Capital Expenditure for Equipment, IT and other Assets Resource
This document describes the general process for capital expenditures related to equipment and other tangible personal property. While reflective of standard practice, this process is not inclusive of all review steps and agencies may add to these steps as needed.
Definitions:
Equipment is defined as “tangible personal property” (including information technology systems) that have a useful life of more than one year and a per-unit acquisition cost of $10,000 or more. (2 CFR 200.1)
There are several types of equipment including “special purpose equipment” used for research, medical, scientific or other technical activities. Examples of special purpose equipment include x-ray machines, spectrometers and surgical instruments.
General purpose equipment is equipment not limited in use to a special purpose. Examples of general purpose equipment include office equipment, telephone networks, information technology equipment and systems, furniture, and motor vehicles.
Useful life is based upon the estimated length of time the equipment or asset remains usable. The IRS has estimates for the lifespan of assets that may be used as a basis to determine useful life and to determine depreciation of the asset over time. For example, computer equipment and cars are estimated to have a five-year lifespan, while furniture is estimated to have a seven year lifespan. It is advisable to work with your controller and finance team in determining both useful life and depreciation.

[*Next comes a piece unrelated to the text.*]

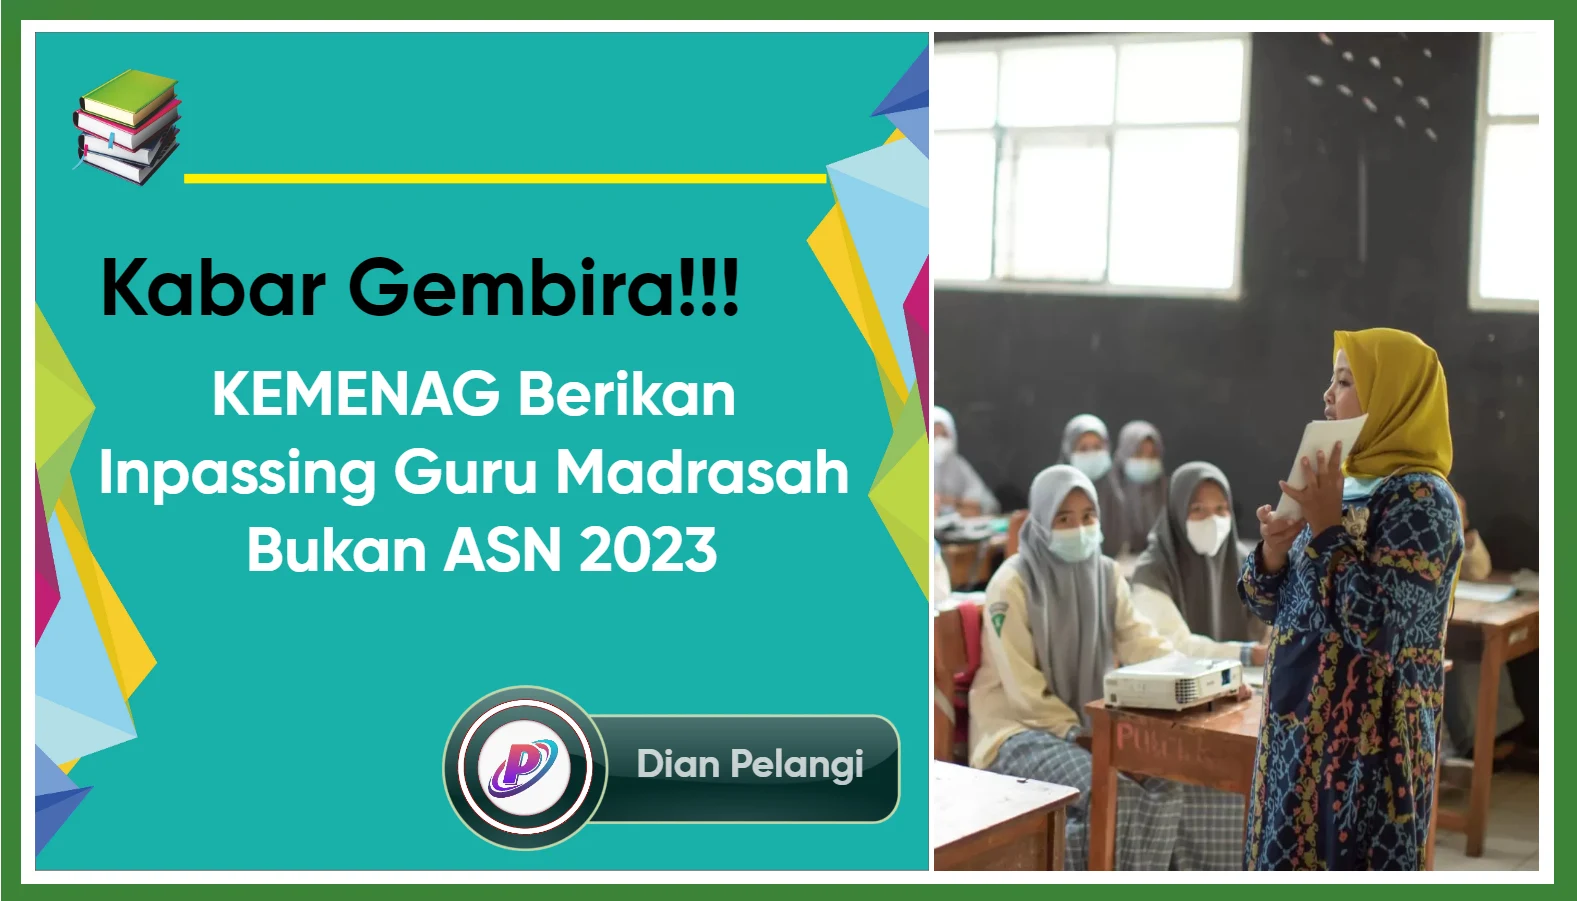 Kemenag Berikan Inpassing Guru Madrasah Bukan ASN 2023
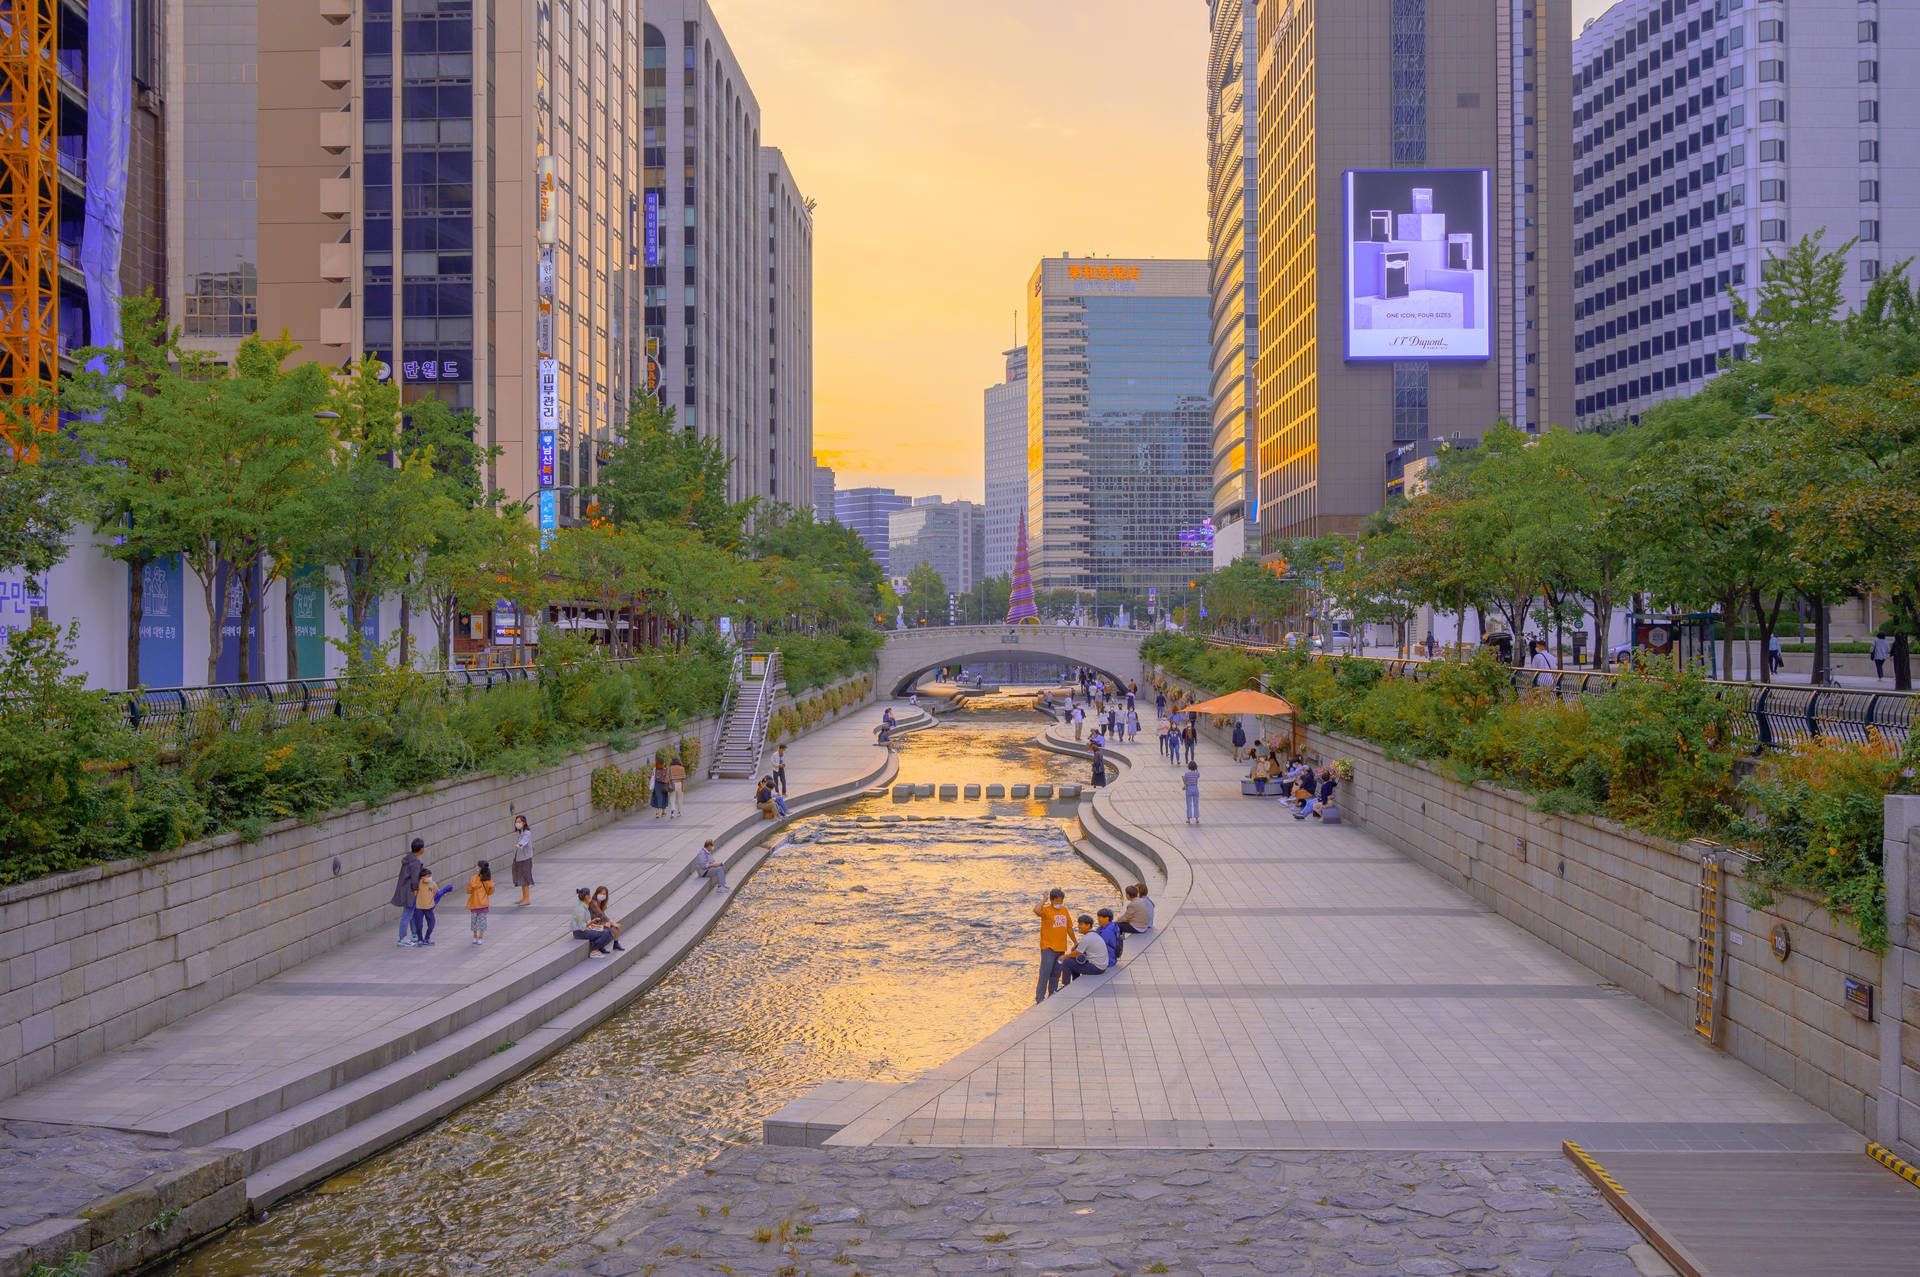 Seoul Cheonggyecheon Stream

It is important to note the difference between information technology systems being purchased and owned versus licensing agreements. Licensing agreements allow a party to use the property of the owner of the IT system, generally for a fee. For example, licensing agreements are purchased for online platforms such as Zoom, WebEx, Adobe, and DocuSign. The licensing agreement allows the use of those systems, but does not provide ownership rights. As a result, licensing agreements would not be considered a capital expenditure/asset.
Additional requirements include compliance with 2 CFR 200 Subpart D including insurance coverage, procurement standards, ongoing maintenance, subrecipient monitoring, record retention and access. Additionally, recipients or subrecipients must maintain proper inventories and property records that include:
- Description of the property;
- Serial or other ID number;
- Source of funding and percentage of federal dollars used;
- Title holder;
- Acquisition date; Cost; Location, use and condition of property;
- Disposition data including date of disposition and sale price if any.
During the period of performance as well as after the period of performance the asset may be used for a purpose other than that for which it was originally purchased as long as the other purpose is consistent with an eligible use. For instance, if a vehicle was purchased for an original purpose of providing COVID-19 vaccinations to remote rural areas but is no longer a critical need, it may be repurposed to provide transportation to individuals with access to health care at the closest facility. If the asset cannot be repurposed, then disposition should comply with the requirements of 2 CFR 200.310-316.